| Dataset records |
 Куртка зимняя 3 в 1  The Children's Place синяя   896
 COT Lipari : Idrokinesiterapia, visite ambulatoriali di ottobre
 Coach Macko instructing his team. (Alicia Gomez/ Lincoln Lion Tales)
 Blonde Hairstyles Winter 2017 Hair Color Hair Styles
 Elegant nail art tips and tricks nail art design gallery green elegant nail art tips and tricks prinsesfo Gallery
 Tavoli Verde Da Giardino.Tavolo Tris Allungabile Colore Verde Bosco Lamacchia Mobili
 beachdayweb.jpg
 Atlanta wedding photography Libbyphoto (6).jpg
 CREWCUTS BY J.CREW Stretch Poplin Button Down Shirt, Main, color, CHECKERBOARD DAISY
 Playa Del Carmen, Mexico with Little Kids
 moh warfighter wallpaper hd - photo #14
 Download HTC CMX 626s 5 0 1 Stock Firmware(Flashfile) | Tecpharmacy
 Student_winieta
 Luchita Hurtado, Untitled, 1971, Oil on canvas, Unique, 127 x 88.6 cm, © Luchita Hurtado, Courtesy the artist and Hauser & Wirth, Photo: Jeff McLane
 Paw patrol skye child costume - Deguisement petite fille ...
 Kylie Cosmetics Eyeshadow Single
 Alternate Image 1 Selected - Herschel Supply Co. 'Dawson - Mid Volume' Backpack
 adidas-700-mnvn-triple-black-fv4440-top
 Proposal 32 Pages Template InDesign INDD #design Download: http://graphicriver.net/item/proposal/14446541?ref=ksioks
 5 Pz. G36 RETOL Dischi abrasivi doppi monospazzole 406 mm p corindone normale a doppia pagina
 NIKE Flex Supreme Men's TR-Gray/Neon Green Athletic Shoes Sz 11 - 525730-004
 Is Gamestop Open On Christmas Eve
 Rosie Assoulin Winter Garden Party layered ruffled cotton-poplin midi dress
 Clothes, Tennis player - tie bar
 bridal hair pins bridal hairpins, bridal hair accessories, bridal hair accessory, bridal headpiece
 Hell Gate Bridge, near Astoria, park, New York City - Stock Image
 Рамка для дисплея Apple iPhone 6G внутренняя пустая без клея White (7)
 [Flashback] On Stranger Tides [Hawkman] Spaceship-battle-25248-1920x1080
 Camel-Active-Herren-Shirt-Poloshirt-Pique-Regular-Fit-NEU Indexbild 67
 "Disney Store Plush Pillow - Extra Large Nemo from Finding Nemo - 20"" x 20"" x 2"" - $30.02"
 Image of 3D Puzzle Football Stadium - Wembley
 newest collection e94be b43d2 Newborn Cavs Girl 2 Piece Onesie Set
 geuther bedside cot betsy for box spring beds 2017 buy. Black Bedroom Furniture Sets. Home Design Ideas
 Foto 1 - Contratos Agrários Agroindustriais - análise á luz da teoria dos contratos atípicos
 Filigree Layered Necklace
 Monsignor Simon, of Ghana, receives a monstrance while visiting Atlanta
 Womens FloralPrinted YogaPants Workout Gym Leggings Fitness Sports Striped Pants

| ABOUT THIS EXERCISE |
Print, please, the lines above from the very first through the one that holds "Elegant nail art tips and tricks nail", both included, word for word and with nothing else.

| TASK SOLUTION |
 Куртка зимняя 3 в 1  The Children's Place синяя   896
 COT Lipari : Idrokinesiterapia, visite ambulatoriali di ottobre
 Coach Macko instructing his team. (Alicia Gomez/ Lincoln Lion Tales)
 Blonde Hairstyles Winter 2017 Hair Color Hair Styles
 Elegant nail art tips and tricks nail art design gallery green elegant nail art tips and tricks prinsesfo Gallery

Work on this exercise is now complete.